Physicians are experts in the study of blood and bodily tissues and perform their work in a specialized 
laboratory after the biopsy is completed [10]. The pathologist's report details the size and consistency of the 
tissue samples and their location, whether they are malignant or not. As a result of their differing opinions, 
these experts may need more surgery to collect additional tissue for location study [11]. Conventional 
diagnostic procedures have limitations researchers have applied machine learning (ML) methodologies to 
provide a second opinion to clinicians and reduce the risk of human error, resulting in patient death [12]-[15]. 

ML approaches help automate the decision-making process and help increase a decision support 
system [16]. An increase in the amount of work that doctors must accomplish is made possible by better 
precision and speed of response, especially in times of medical staff shortage. Preventive care and individual 
mental health therapies can benefit from decision-support and health-monitoring systems that apply ML 
techniques to learning [17]. Using ML classifiers and the Wisconsin diagnostic breast cancer (WDBC) 
dataset, this research evaluated approaches for detecting breast cancer. 

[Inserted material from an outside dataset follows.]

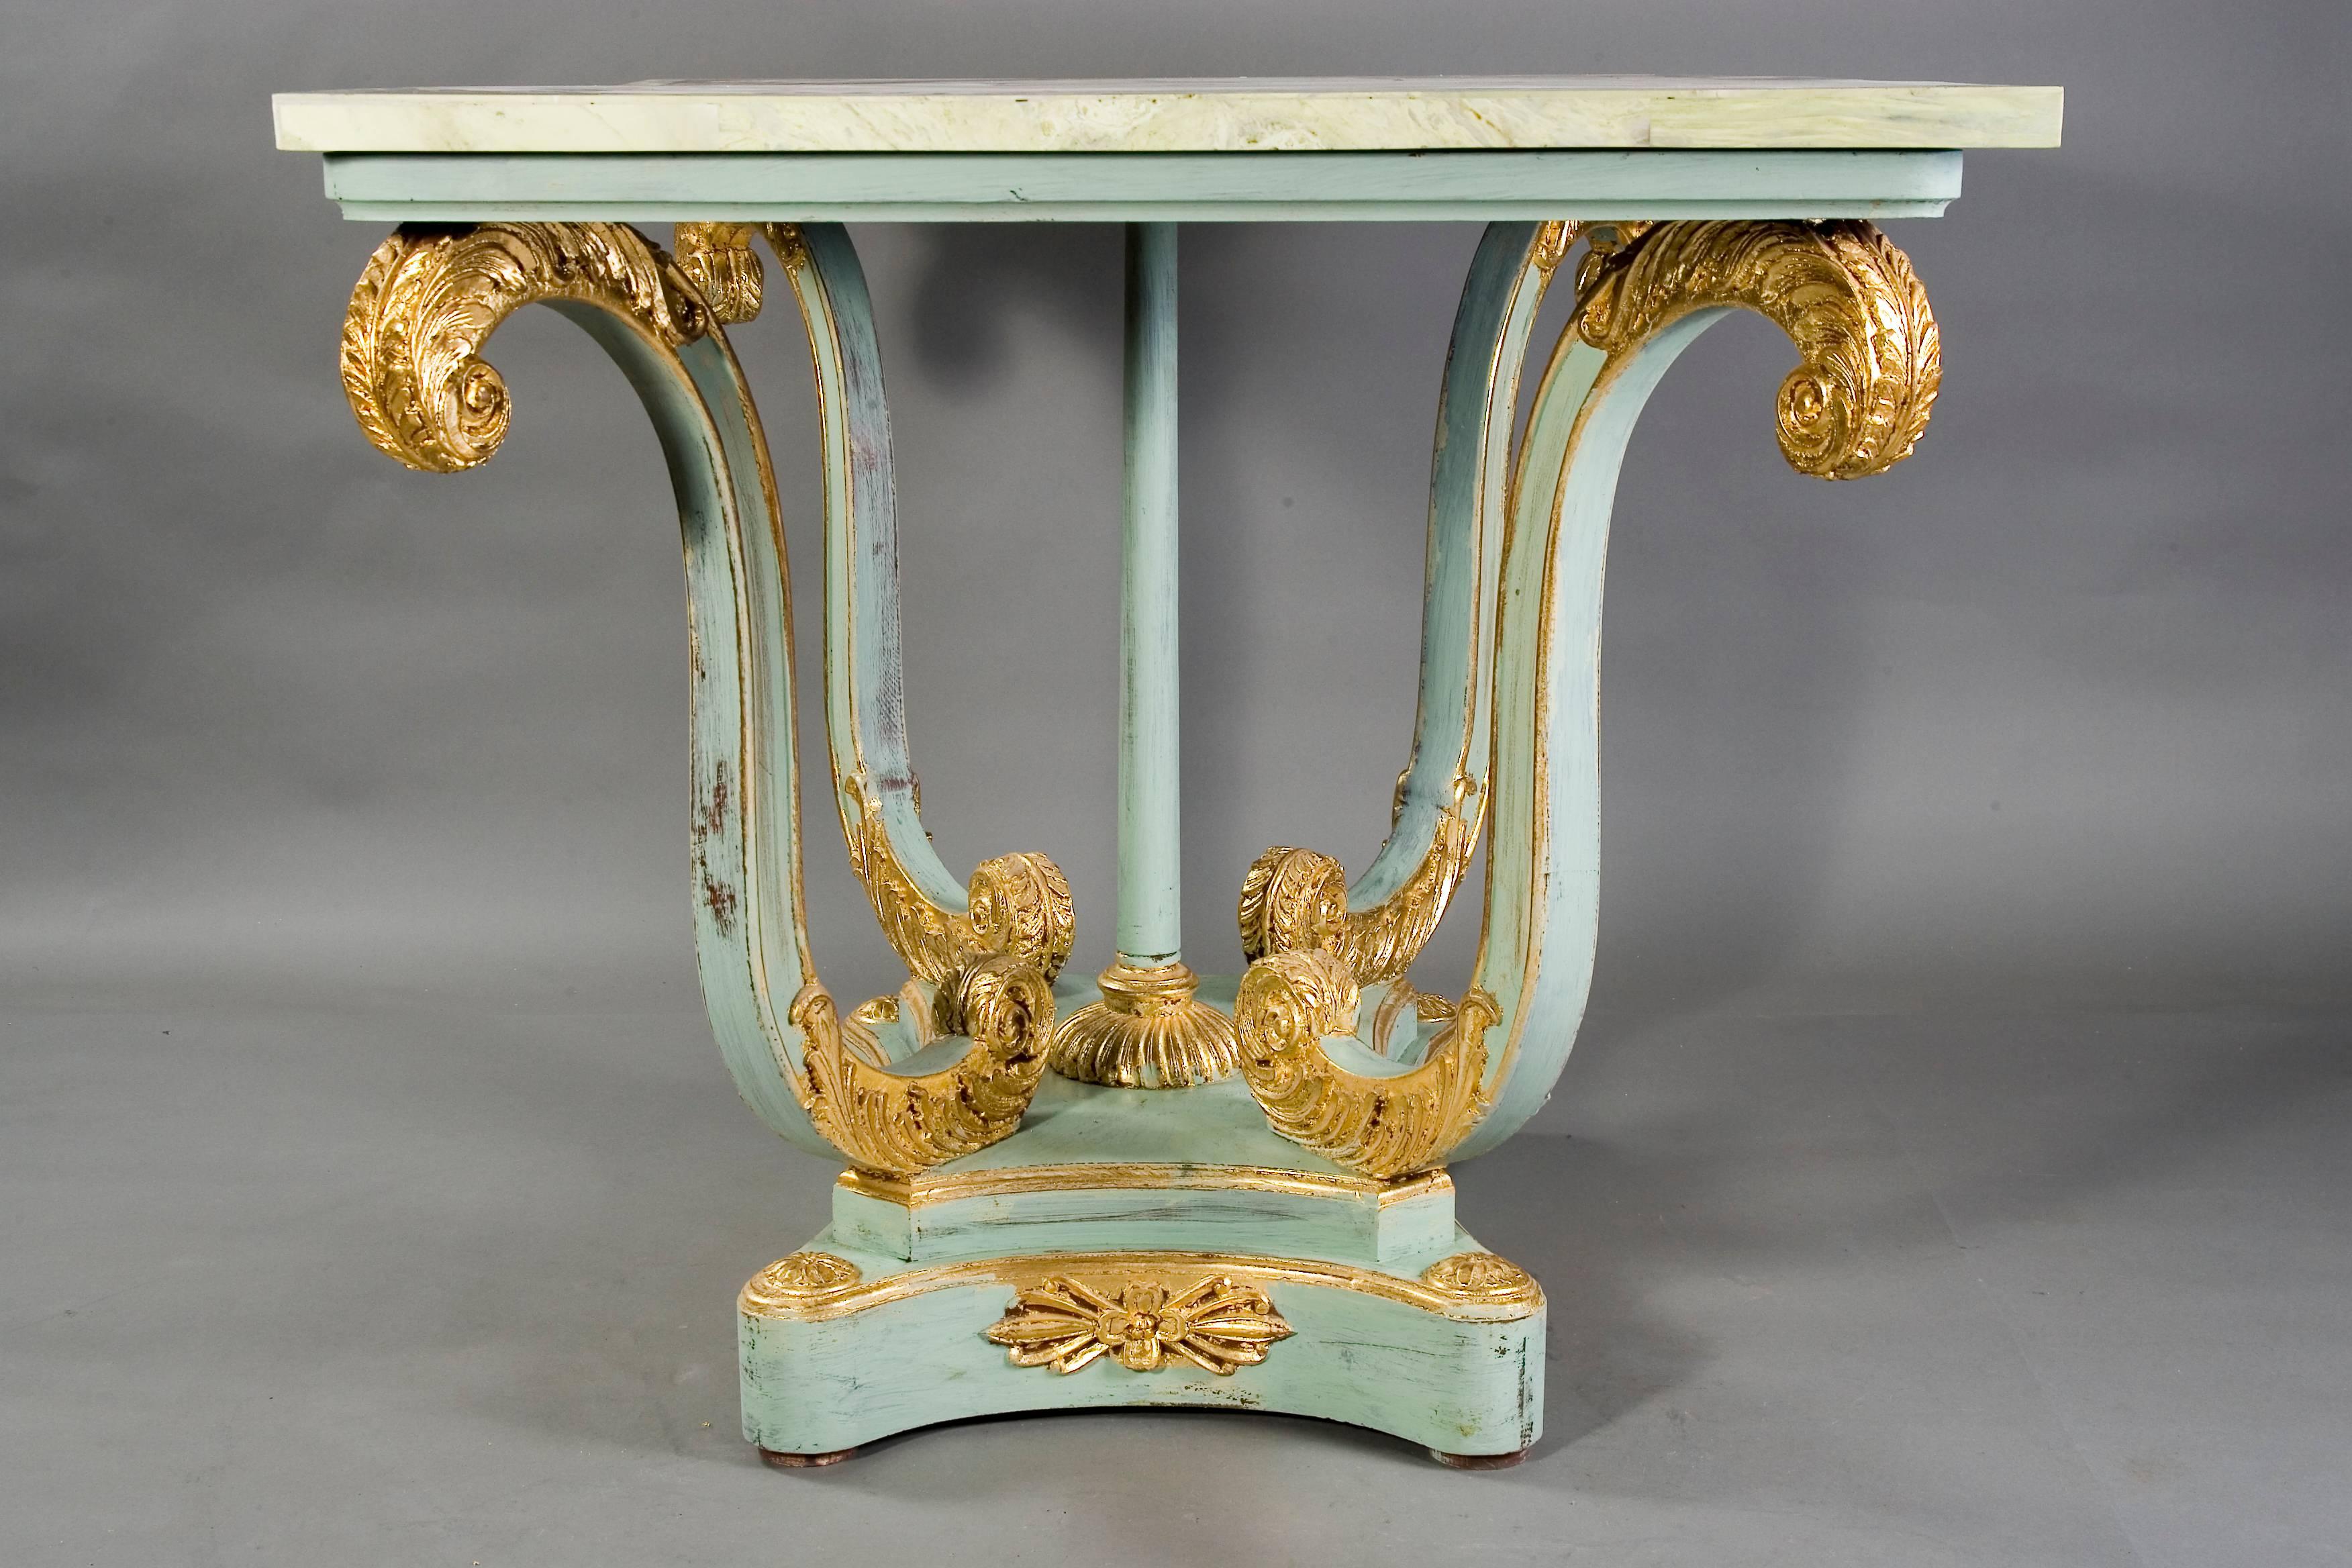 20th Century Pietra-Dura Style of Classicism Pastel Light Blue Table In Good Condition For Sale In Berlin, DE

Salama et al. [18] presented a comparison of the decision tree (J48), multi-layer perception (MLP), 
sequential minimal optimization (SMO), naive Bayes (NB), and instance-based for K-nearest neighbor 
(IBK). The results indicate that classification using SMO alone or in combination with MLP or IBK is 
superior to other classifiers. SMO outperforms other classifiers in terms of accuracy 97.7%. Azar et al. [19] 
implemented an ANN algorithm that included multilayer perceptron (MLP), probabilistic neural networks 
(PNN), and radial basis function (RBF). The testing and training phases determined that PNN was the high 
accurate classifier, with accuracy, sensitivity, specificity, precision, and area under the curve (AUC) of 
98.66%, 95.65%, 95.82%, 97.77%, 0.99, respectively. Senapati et al. [20] proposed the local linear wavelet 
neural networks. The network was trained to detect breast cancer in the recursive least squares (RLS) 
technique to parameters. Discrepancies in the local linearity network of wavelet neurons with a traditional 
wavelet neural architecture (WNN) refer to the weighted average of the connections between the two 
conventional WNN's input, and output layers are replaced using a linear regression model. The high accuracy 
value obtained was 97.2%. Dora et al. [21] proposed a unique Gauss-Newton representation-based algorithm 
(GNRBA) for classification. It uses sparse representation in conjunction with training sample selection. 
Compared to the traditional 1l-norm approach, this method evaluates sparsity more computationally 
efficiently. The suggested method achieved the greatest classification accuracy of 98.25%, according to the 
results. For 50-50 partitions, 60-40 partitions, 70-30 partitions, and 10 — fold cross-validation, the results 
were 98.86%, 98.46%, and 98.46%, respectively. Wang et al. [22] used two common classifiers: SVM and 
KNN. The suggested feature relevance measurement outperforms previous methods in experiments. It also 
exceeds many conventional classification execution speed and accuracy methods, demonstrating its 
usefulness in obtaining the best features. The KNN model had a high accuracy of 95.8%. Oyelade et al. [23] 
used ML methodology to deal with the select and test limitation of one such reasoning algorithm (ST). An 
efficient input method is an initial step in technique, which allows the system to read, filter, and clean 
datasets. Knowledge representation frameworks were also built using semantic web languages (ontologies 
and rule languages) to help the reasoning algorithm. As a result, the ST reasoning structures were modified to 
support this improvement. The ST-ONCODIAG technique had 81.0% sensitivity and 89.0% specificity. 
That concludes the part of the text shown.